Because of these limitations, MAP from this calculator should be treated as an estimate, not a definitive measurement. It is most useful as an educational tool or as a rough guide, not as the basis for making treatment decisions on your own.
Safety Information and When to Seek Help
This tool cannot replace professional medical evaluation. Contact a health professional or emergency services urgently if you experience any of the following, regardless of your MAP value:
- Chest pain or pressure, especially if it spreads to the arm, jaw, or back.
- Severe shortness of breath or difficulty breathing.
- Weakness on one side of the body, difficulty speaking, or sudden confusion.
- Fainting, feeling as though you may pass out, or severe dizziness.
- Sudden severe headache, vision loss, or seizures.
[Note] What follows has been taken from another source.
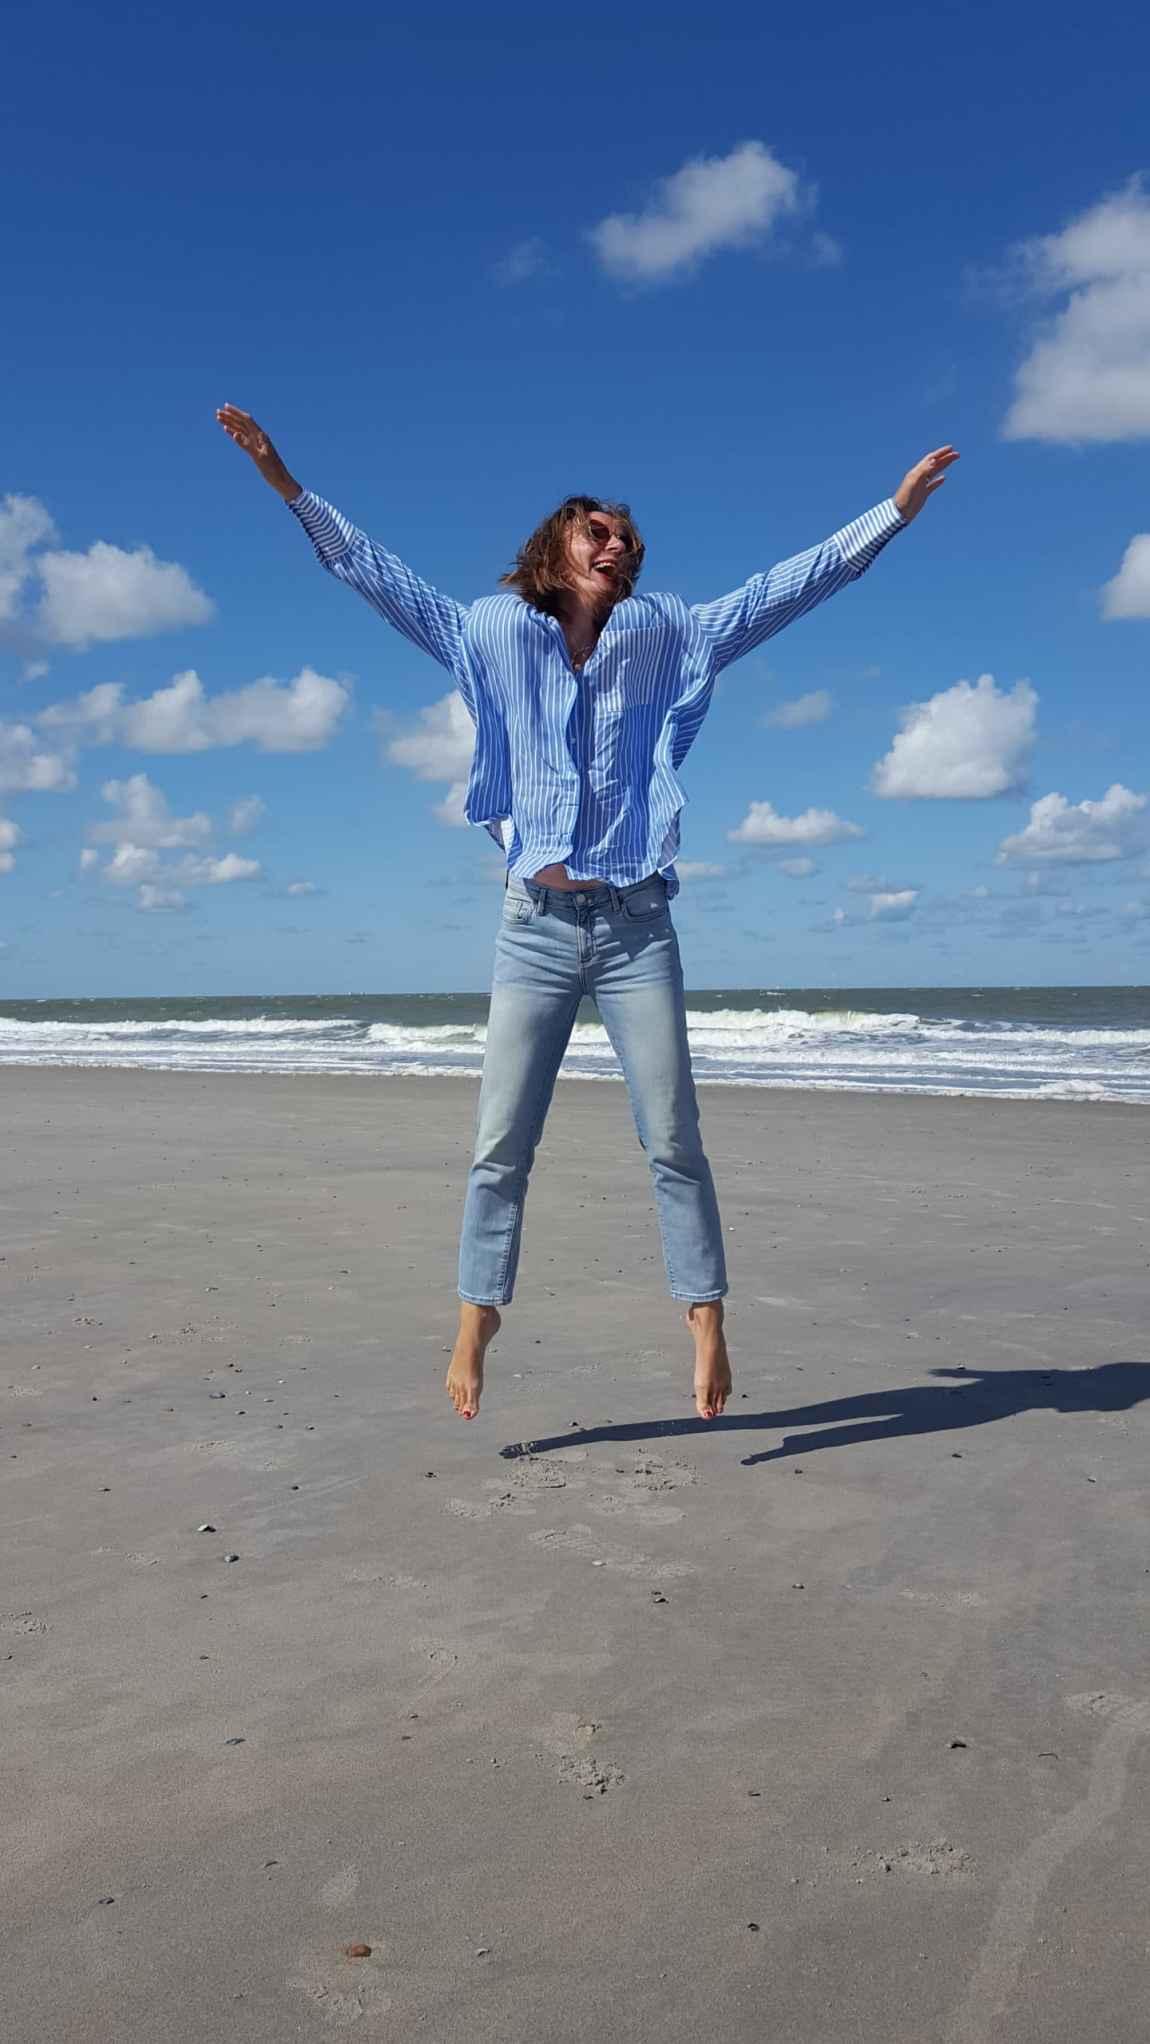 weltfrauentag-feminismus-ue50-blog-oceanblue-style.jpg

If you are monitoring blood pressure at home and notice consistently very high or very low readings, or large changes from your usual numbers, arrange prompt follow-up with your clinician to discuss what they might mean for you.
Related Tools and Further Learning
MAP is just one part of understanding blood pressure and circulation. You may also find it helpful to review resources that explain systolic and diastolic blood pressure categories, cardiovascular risk, and how lifestyle changes and medications can affect blood pressure over time.
For a deeper understanding of your own situation, always rely on guidance from your healthcare team. Online calculators can support learning and preparation for consultations, but they cannot replace examinations, laboratory tests, imaging, or continuous monitoring where needed.